An 80-year-old female with double positive disease: Case report and brief review of literature.

BACKGROUND: Goodpasture's syndrome is a triad of alveolar hemorrhage, Glomerulonephritis and circulating anti Glomerular basement membrane antibodies, 25% of cases test positive for ANCA antibodies, this association is known as Double positive disease. This article describes a rare presentation of this entity and reviews available literature. CASE REPORT: 80 year old female presented with hemoptysis and renal failure, she tested positive for both p ANCA and anti glomerular basement membrane antibodies, and despite aggressive medical treatment, she suffered a frustrating outcome.
CONCLUSIONS: Double positive disease accounts for 25% of cases of Goodpasture's syndrome, a suggested Pathophysiology of this association is the renal involvement in ANCA Vasculitis leading to the exposure of antigens from the basement membrane and the formation of antibodies.
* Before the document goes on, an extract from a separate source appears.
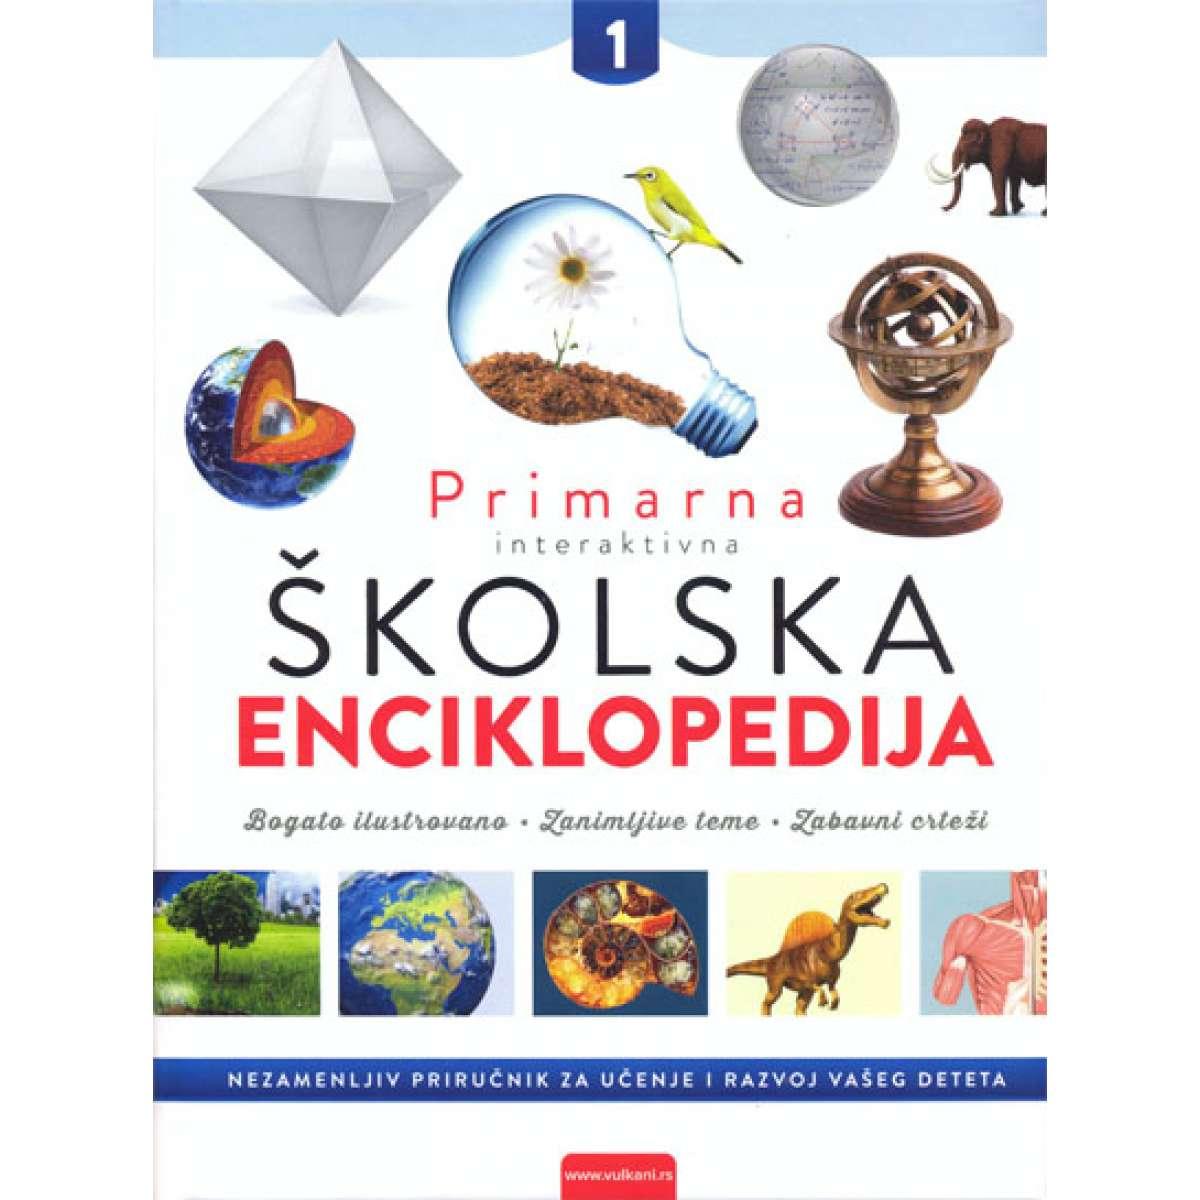 PRVA INTERAKTIVNA ŠKOLSKA ENCIKLOPEDIJA 1-3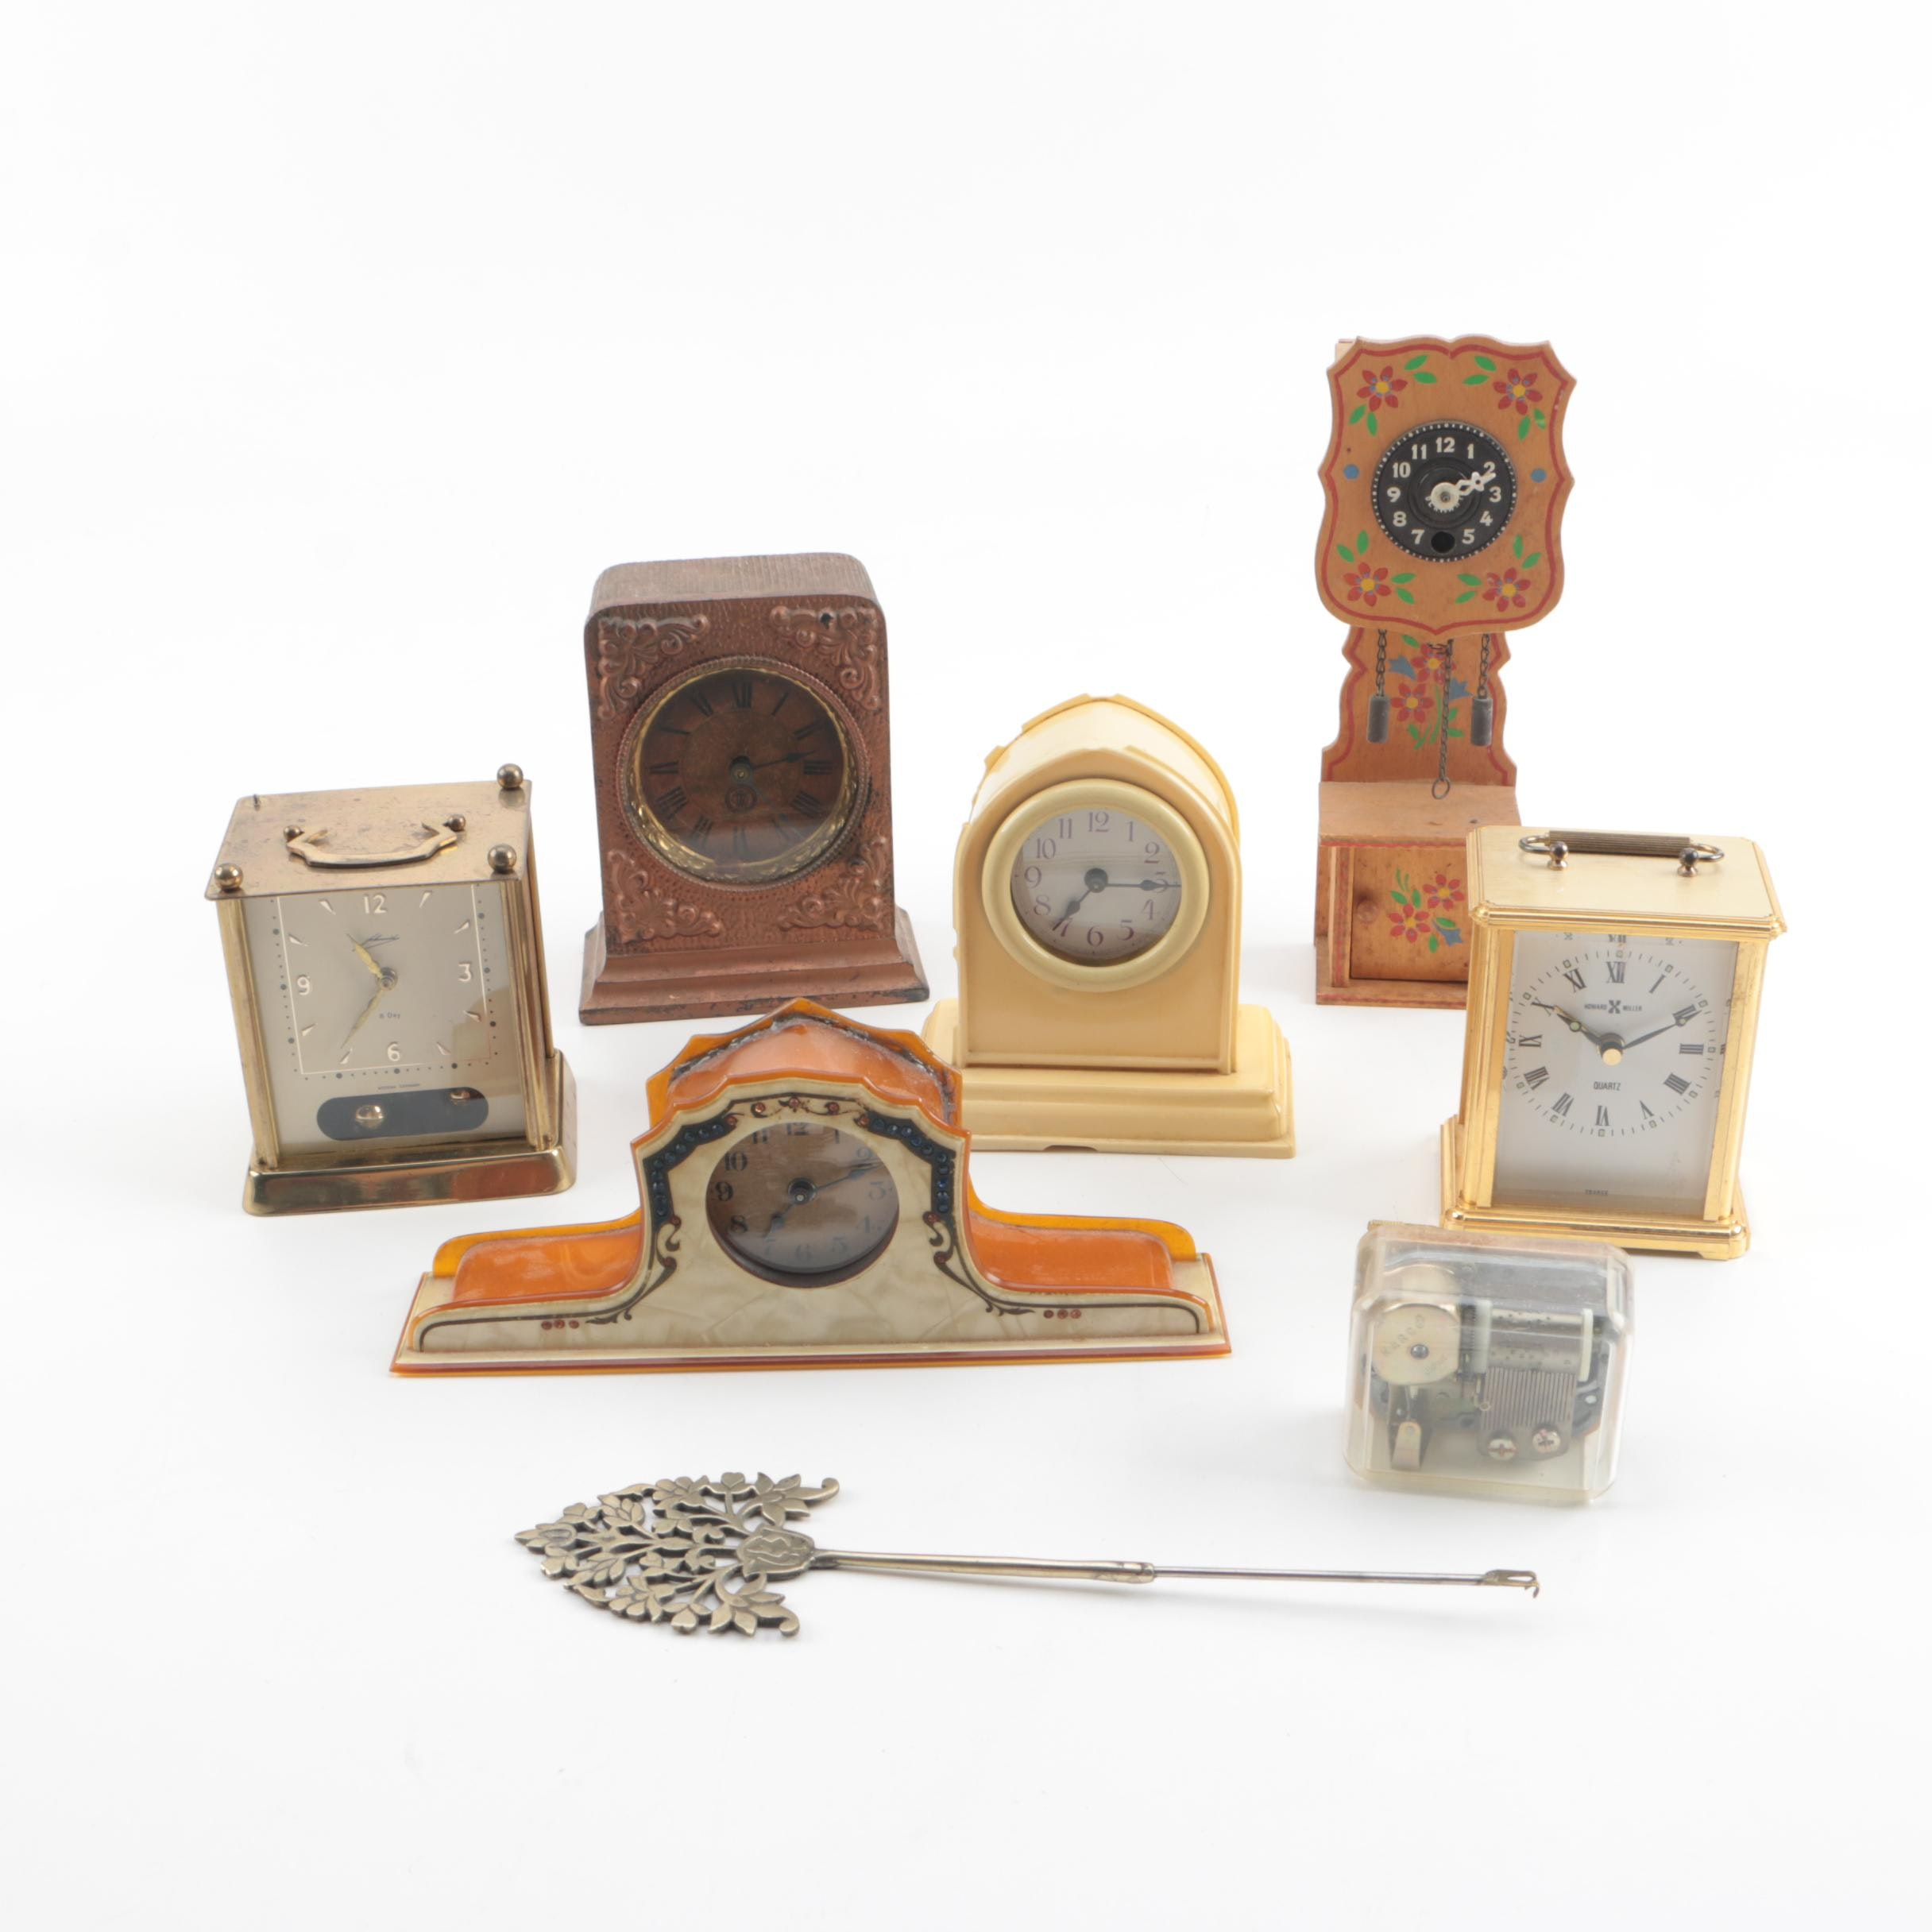 Vintage Shelf Clocks and Music Box

This entity is believed to carry better prognosis when compared to isolated anti glomerular basement membrane disease.

Background

Goodpasture’s syndrome is a triad of alveolar hemorrhage, Glomerulonephritis and circulating anti Glomerular basement membrane antibodies, 25% of cases test positive for ANCA antibodies, this association is known as Double positive disease.

Case Report

An 80 year-old Hispanic female with history of hypertension, presented to our institution with one month of fatigue, weight loss, and two weeks of hemoptysis with blood streaks and clots, patient denied pain, fever or chills, she denied recent travels, chronic cough, night sweats, sick contacts.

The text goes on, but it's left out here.